Geçen hafta yayınlanan bir rapora göre, Birleşik Krallık’ta yaşayan etnik azınlıklara mensup kadınların yüzde 40’ı yoksulluk sınırının...

Geçen hafta yayınlanan bir rapora göre, Birleşik Krallık’ta yaşayan etnik azınlıklara mensup kadınların yüzde 40’ı yoksulluk sınırının altında yaşıyormuş. Bunun krizle ilişkisi daha geleceğe dönük. Önümüzdeki yıllarda bu oranın daha yüksek olmasını bekleyebiliriz. Çünkü krizle gelen işsizlik herkesten çok yoksulları ve azınlıkları vuracaktır.
Rapora esas araştırma kadınların karşılaştığı eşitsizliklerle mücadele eden Fawcett Örgütü  ve Oxfam Vakfı tarafından gerçekleştirilmiş.
Bu raporun başlığa taşıdığı ya da öne çıkardığı azınlık kadınlar arasındaki yüzde 40 olan yoksulluk oranı, beyaz ya da çoğunluk kadınlar arasında yüzde 20 düzeyinde. Bence bu daha düşük görünen rakam da çok yüksek ve kaygı verici. Unutmayalım ki bahsettiğimiz coğrafya Afrika değil dünyanın en gelişmiş ve en zengin ülkelerinden biri.
Ama kaygı verici manzaranın dahası da var. Rapordaki detaylı istatistikler de çarpıcı. Siyah kadınlar arasında yüzde 35’e yaklaşan yoksulluk, Asya kökenlilerde yüzde 65’i buluyor. Yani azınlıklar da yoksulluğu aynı oranda yaşamıyorlar. Raporda hükümetin yoksulluğu önleme politikaları şiddetle eleştiriliyor.
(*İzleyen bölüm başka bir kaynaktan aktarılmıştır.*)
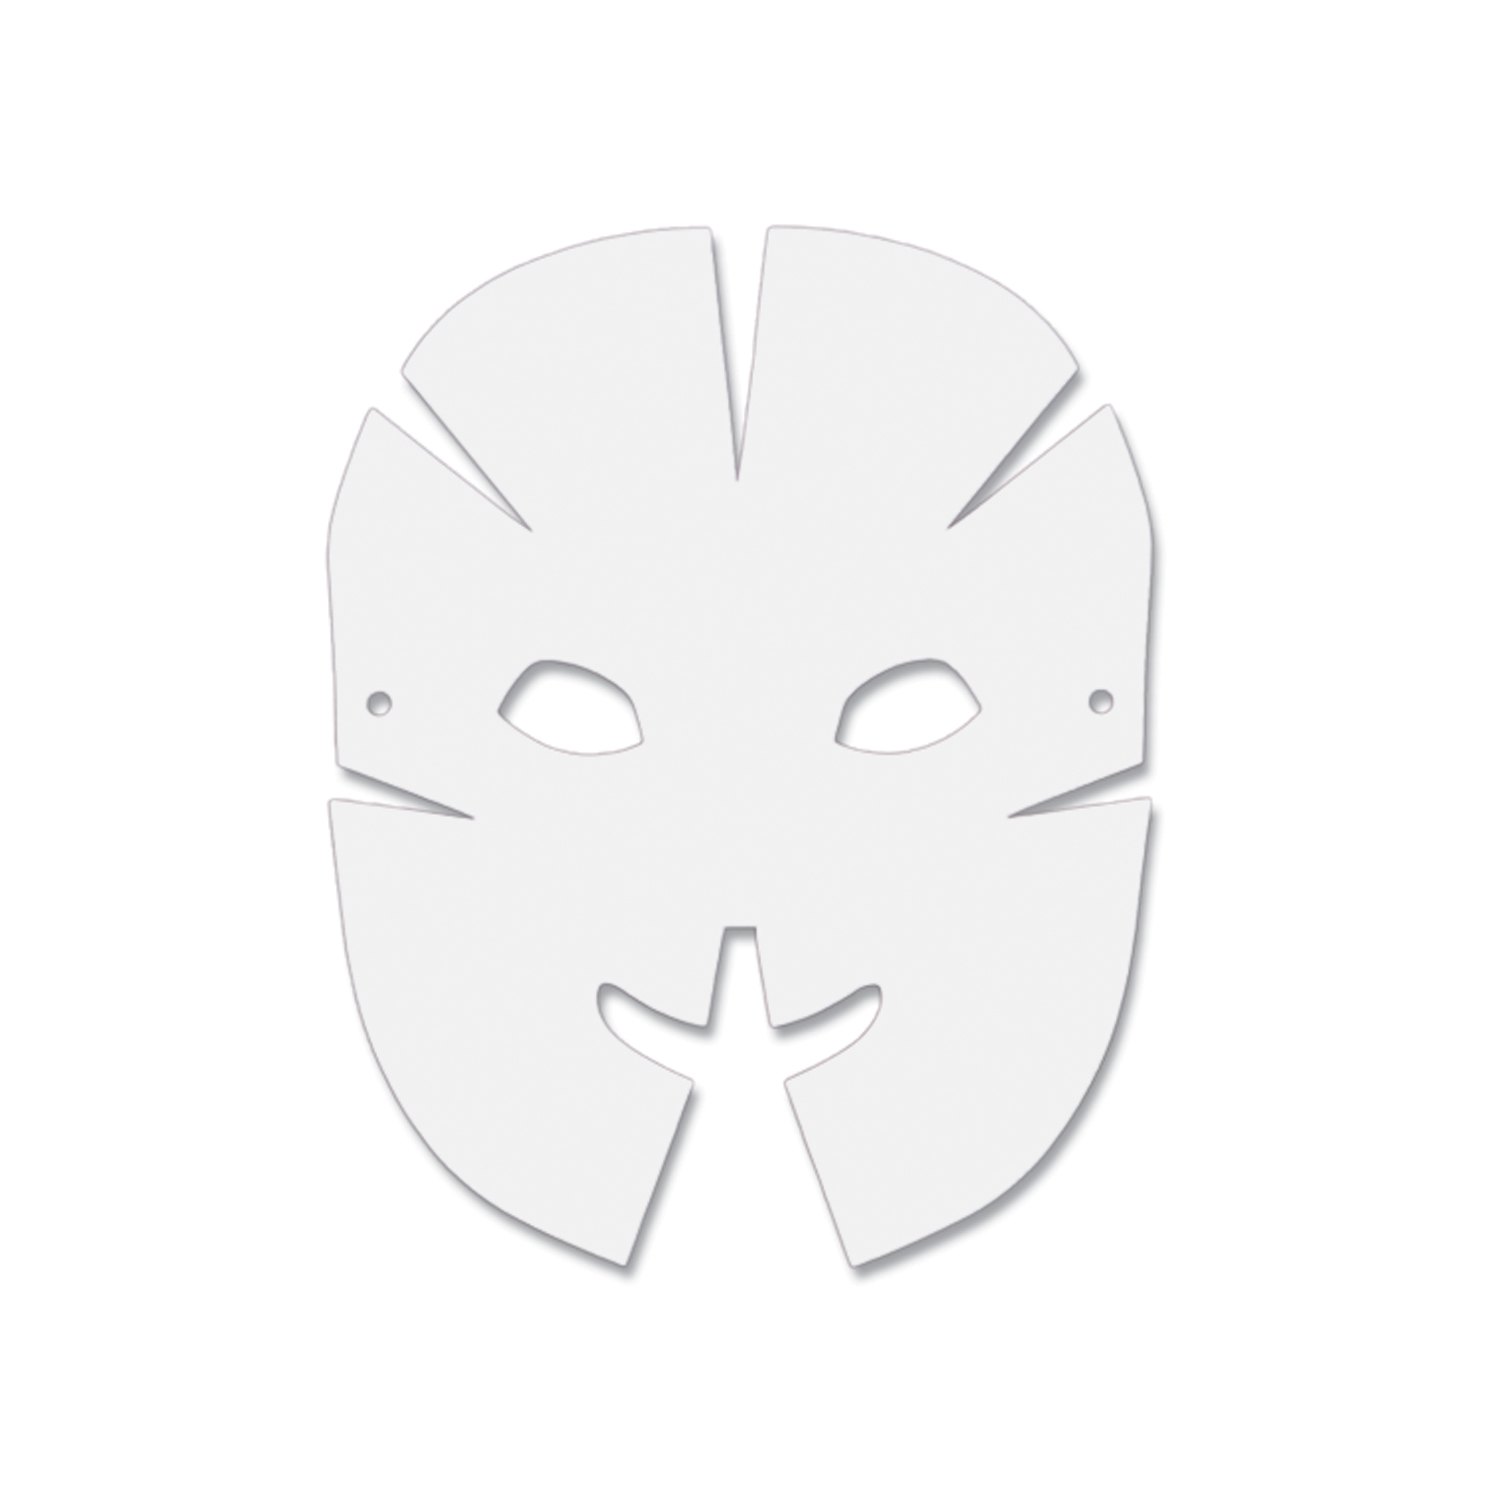 Die-Cut Dimensional Paper Masks, 10-1/2" x 8-1/4", 40 Pieces
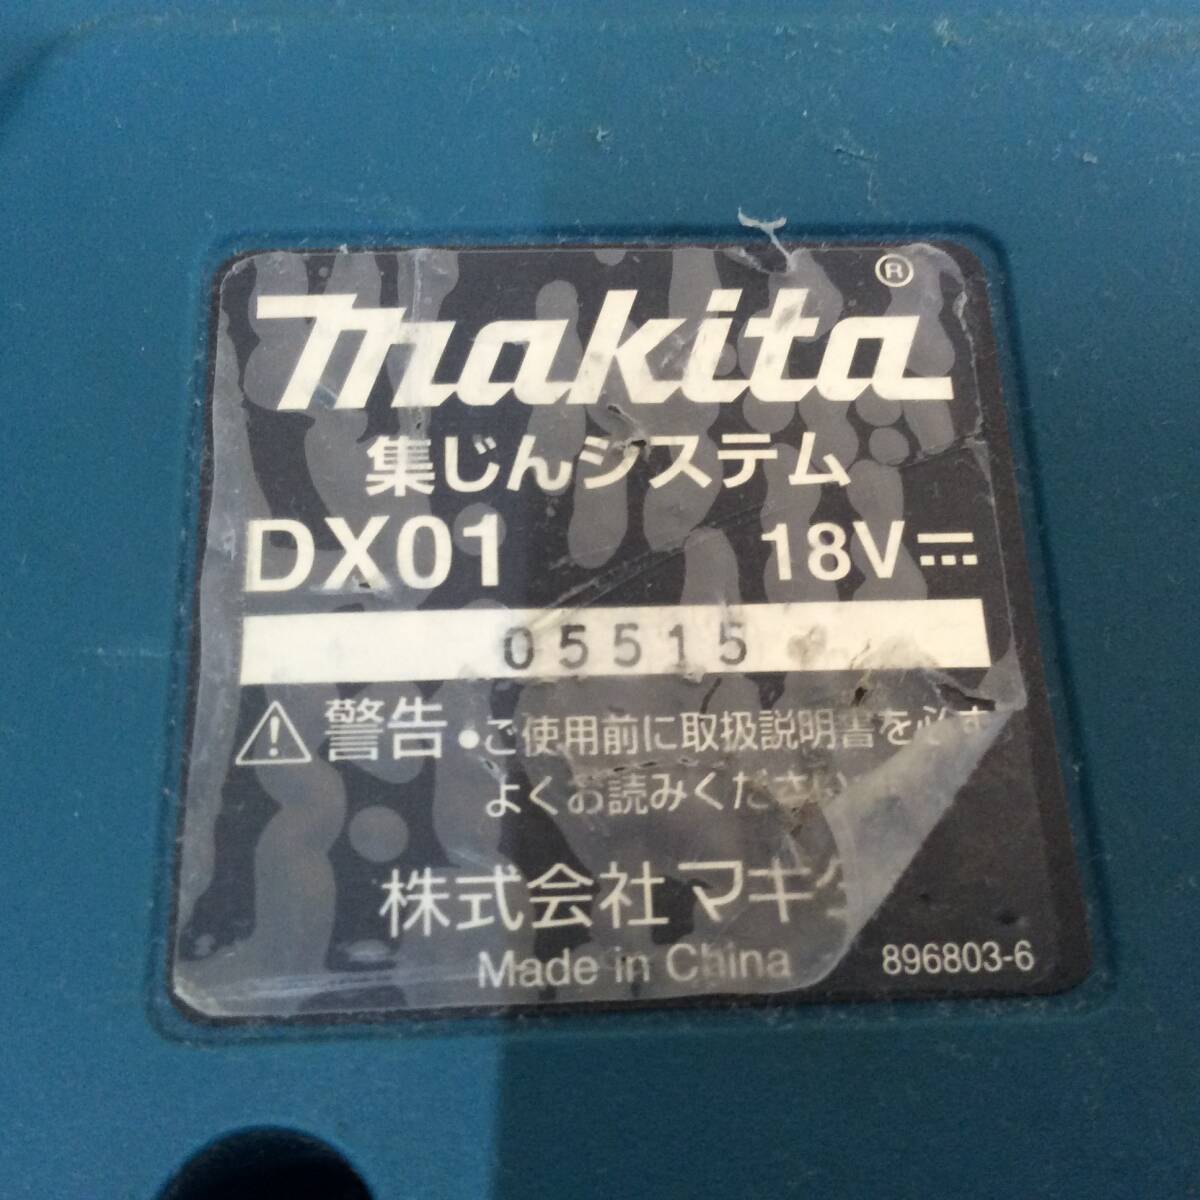 【TH-2150】中古品 makita マキタ 充電式ハンマドリル HR244D+集じんシステムDX01 純正バッテリーBL1860B×2個 充電器付の画像6

En temel eleştiri ise meseleyle ilgilenenlerin tam olarak durumu anlamadıkları, etnik farklardan bi haber oldukları ve daha da önemlisi kadınların özel durumuna karşı tamamen duyarsız oldukları. Yoksullukla mücadele politikaları genel olarak işsizliği önleme üzerine odaklı. Dolayısıyla önemli bir kısmı ya ev işleriyle ya da aile işleriyle uğraştığı için, bu politikaların Asya kökenli kadınlara ulaşma olasılığı neredeyse hiç yok.
Bristol Üniversitesi’nden arkadaşlarla yürüttüğümüz bir araştırmada benzer istatistikler çıkarmıştık. Örneğin bulgularımızdan birine göre İngiltere’de Afrikalı ve Müslüman bir kadın iseniz işsiz kalma olasılığınız beyaz Hıristiyan bir İngiliz’e göre 50 kat daha yüksek. Asya kökenli azınlık kadınlar çoğu zaman iş bulduklarında da beyaz İngiliz erkek meslektaşlarının kazandığının neredeyse yarısını kazanıyorlar.
Etnik azınlıklara mensup kadınlar maalesef en yoksul ve toplumsal olarak en fazla dışlanmış grubu oluşturuyorlar ve bu sorunun aşılması yönünde pek fazla ışık yok. Rapor bu alandaki politikaların ailelere odaklanarak kadınların aile içindeki durumlarını anlamaya çalışması gerektiğine işaret ediyor.
Fawcett örgütü daha önce yayınladığı bir başka raporda da siyasetin etnik azınlık mensubu kadınlara nasıl kapalı olduğunu ortaya koymuştu. Yoksulluk meselesini de belki bununla birlikte ele almak gerekir. Herhalde bu kadınlar kendi durumlarını, parlamentonun çoğunluğunu oluşturan orta yaşlı beyaz İngiliz erkeklerinden daha iyi anlayabilirler.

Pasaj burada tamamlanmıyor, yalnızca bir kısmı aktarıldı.